Risk Odds Calculator

While on vacation I wrote some spreadsheets that would calculate the odds for different dice variations of the board game Risk. One of the variations is to use an extra die on defense or attack which I was able to calculate, but Excel doesn’t have enough rows to run all the possible rolls if both the attacker and defender have an extra die. Plus, every spreadsheet took some work and there get to be a lot of different combinations that I didn’t want to run, though I still wound up with 27 different spreadsheets. I knew the best thing to do would be to write some kind of program that would let you input the different options and then have it calculate the odds for you. I had tried this once before, but I don’t know if I finished it. When I pulled it up, it didn’t seem to work.

Computers make this kind of thing easy. If you have 5 dice, you can do For:Next loops of 1 to 6 for each dice, then nest the loops to try out all the different combinations. If you want to do 8-sided dice, you change the loops to run from X to Y where X is 1 and Y is 8. Or any other number. Then you keep running totals and give the answers when all the iterations have run their course. But it still took a few nights of working on the project before I started making real progress.

Once I got it working, I used my spreadsheets to check the math in the program. After I got the bugs worked out, everything was agreeing perfectly except when the attackers had an additional die. I narrowed the problem down to a bad formula on the spreadsheet! So it was kind of good to have an independent check. I went back and fixed the blog posts that had the numbers wrong.

I compiled an executable that can be used in Windows, but it doesn’t do the Fighter correctly from Star Wars Risk where you can replace a 1 with a new roll (you can enter the lower limit of the dice as 2 instead of 1 and it will be kind of similar). And it might be neat to turn the program into something that would do the rolling for you when you have big masses of armies facing off. You could enter the number of attackers and defenders and let it roll a certain number of times or until one side loses and it could generate all the rolls randomly and print a tape of all the battles and results.

Time for an iPhone app?

Star Wars Risk Odds

I did a bunch of number crunching to figure out odds with different rolls in Risk Reinvented.

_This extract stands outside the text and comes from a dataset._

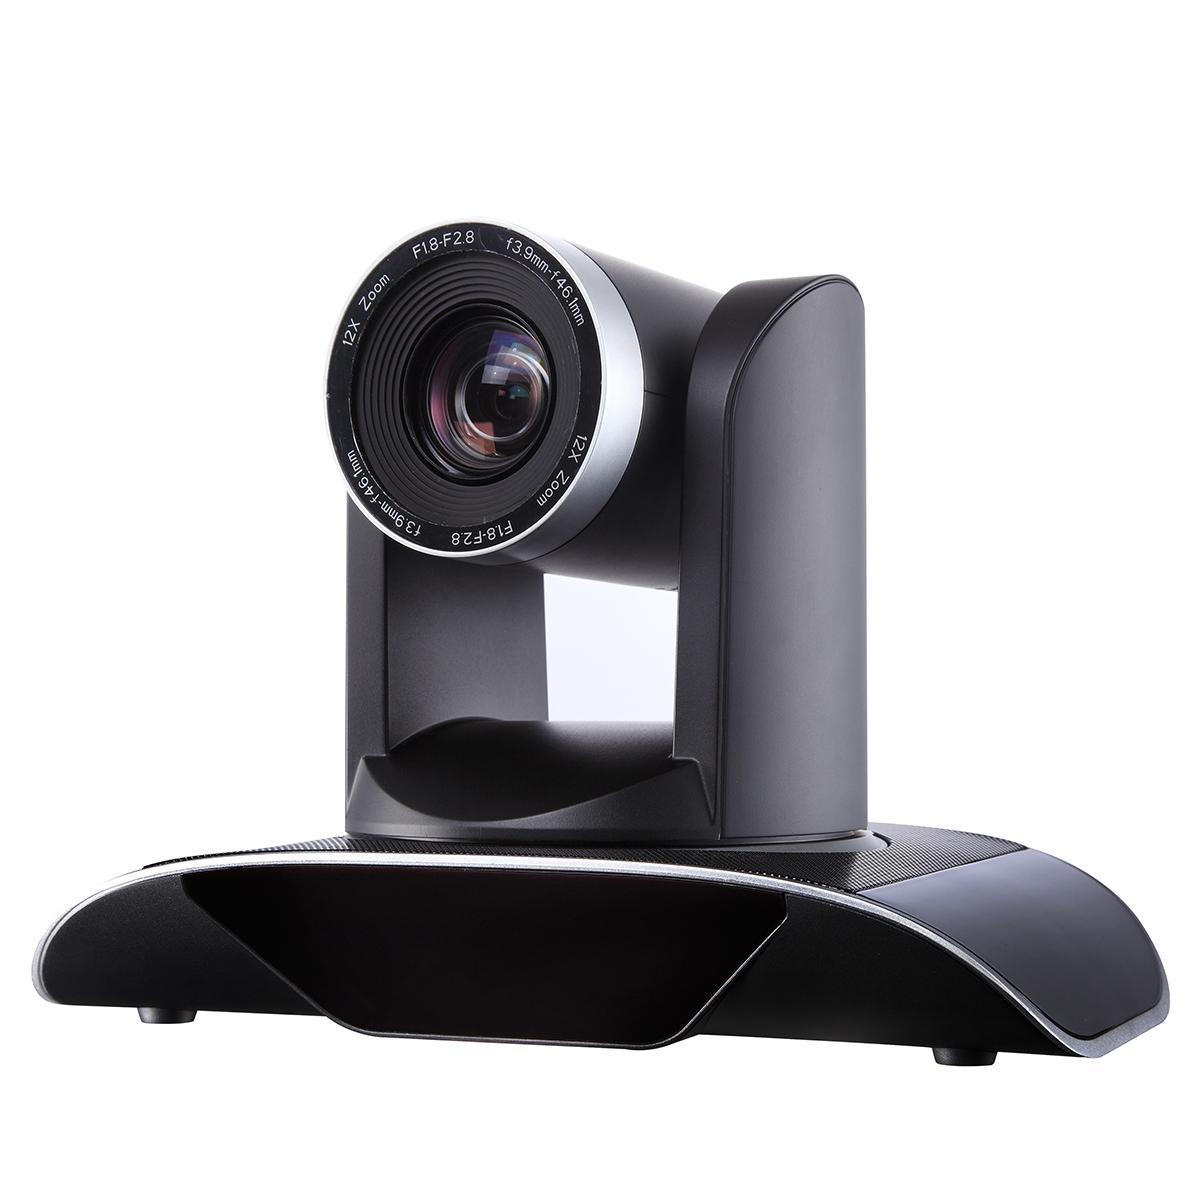 托顿TDEV07 自动跟踪视像系统 高清云台摄像球

But Star Wars Risk – The Original Trilogy also has some rule variations that change the odds of the typical Risk battles. When Rebels attack the Empire’s bases the Empire can defend with 8-sided dice instead of 6-sided dice. Using all the same analysis as last time and figuring out every possible combination of dice thrown by the attacker and defender, it turns out that on average the attacker would need 162 troops to successfully attack a base with 100 defending troops, rolling the dice 132 times. Actually you would need 3 more than that so that you have 3 troops to move in, plus one more to leave on the attacking country. And the luck of the dice could change that profoundly.

Risk Reinvented Odds

While on vacation, I picked up the new version of Risk called Risk Reinvented (or maybe Risk Reinvention, it doesn’t actually say anything on the box except that it offers 3 ways to play), which has an optional set of rules to make the gameplay different. If you accomplish a certain objective (like controlling all of Asia at the end of your turn), you may earn the ability to attack or defend with a bonus die. So in the typical instance of 3 attacking dice vs. 2 defending dice, where the defenders win ties (this slightly favors the attackers), you might attack with 4 dice or defend with 3 dice even though only two troops are still at risk.

So I wanted to know what the odds are when you add dice to the mix. It was pretty obvious that the odds got a lot better when I earned the extra defense die. Then I got the extra attacking die and I was wondering how much of an effect it would have. I couldn’t find this on the internet (this was before I made the Risk Odds Calculator program).

So I built a spreadsheet that would generate every dice combination for six dice (3 attackers vs. 3 defending dice). This meant I had to have 6x6x6x6x6x6 or 46,656 rows. I had to check what the maximum number of rows that Excel can deal with and fortunately it was 65,536.